After I posted the piece on Preston and his visit with the Principal today I received many notes in defense of the kid. People came out of the woodwork to proclaim that indeed Preston is innocent. The reasons were unique and varied and in the end, I think we all just love that all-American Norman Rockwell kid.
I wanted to post a most eloquently stated (and surely unbiased) op-ed piece from his grandfather Richard Woolsey, sent via email earlier this afternoon.
Before we try Preston in the court of public opinion . . . I want to offer a reasoned voice in defense of this seemingly intractable situation and to argue on his behalf — “Preston vs. The Establishment.”

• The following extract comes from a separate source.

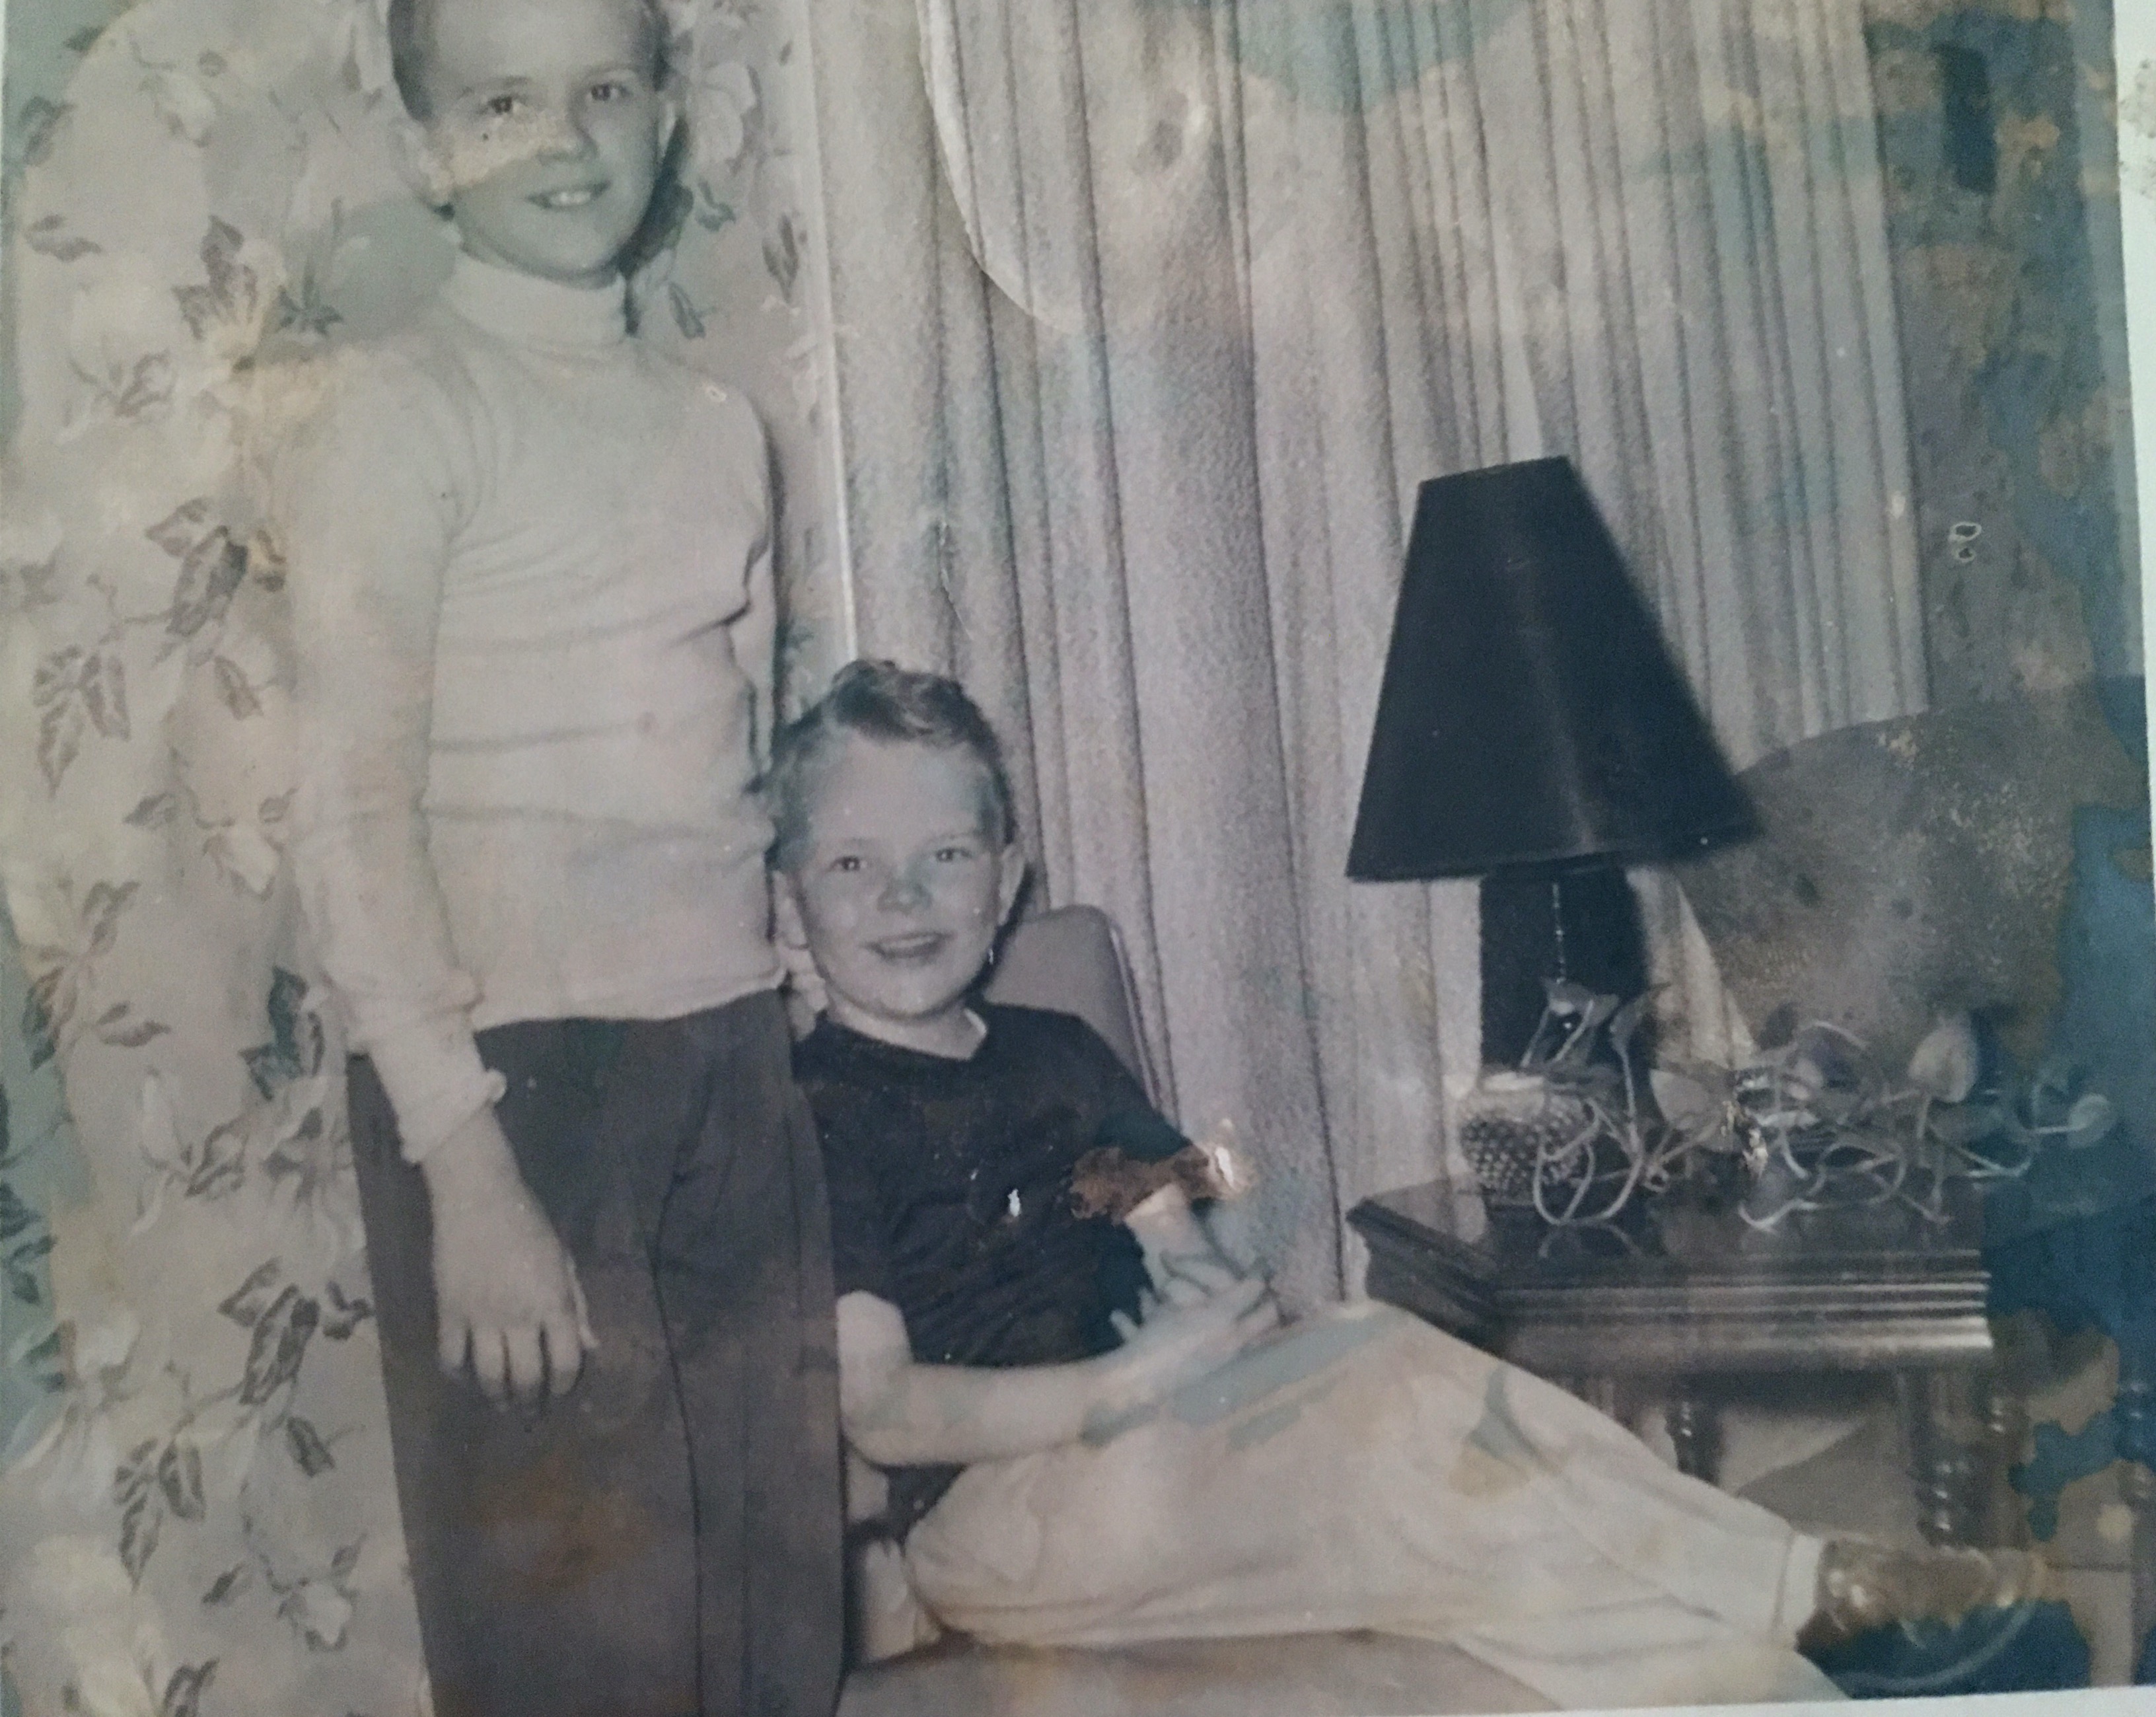 Brother and I, 1956

As Preston’s grandfather, I am objective when I say “he is not guilty” — rather, Preston is a victim of circumstances i.e. “growing up; exploring and pushing the boundaries” of learning; to see what’s on the other side. One could reasonably argue there are worse grievances than “cutting-up” in class from time to time. Has anyone heard of the First Amendment – Freedom of Speech?
The question arises; did this infraction warrant a trip to the principal’s office? Hardly! Was the public humiliation in front of his peer’s sufficient punishment? Certainly! Was it necessary to Rat him out by sending a note from the principal to Preston’s parents? The worst kind of punishment! What happened was simply a “mis-interpretation” and should not have been elevated to this point.
Now, I understand that some folks might cry out “Give me a Break!” But before rushing to judgment, hear me out. Answer these questions: what influenced Preston’s behavior? Where did these seeds come from? Well folks, as they say, the apple does not fall far from the tree. To Wit, Preston’s father (Chris) and his ad-nauseam run ins with his teachers and the principal, ranging from grades “K” and on up the line. His legacy, of sorts, is a run unmatched in the annuals of our public schools here in Thousand Oaks. I can attest to this for we were frequently summoned to school to listen to the charges – what he did or didn’t do, post bail and plea bargain that this would never happen again. By and large, we defended Chris’s actions under the pretense of being “curious and wanting to learn the truth” and he did this by engaging his teachers in round after round of robust debate. As the years wore on, Chris often found himself sitting in the hot seat, each altercation, well conceived, seemingly besting the previous one. No, I think it is fair to say that Preston could not have a better figure to emulate.
And as for Sherri and me . . . we knew Chris was traveling two roads, never knowing which he would choose, until he met Megan . . . a life of crime or scholarly achievement. Fortunately for us, he took the higher, less traveled road and I, I am glad he did.
In summation, our grandson is a product of his environment and upbringing. I ask that you “cut him some slack,” I think he’s doing just fine.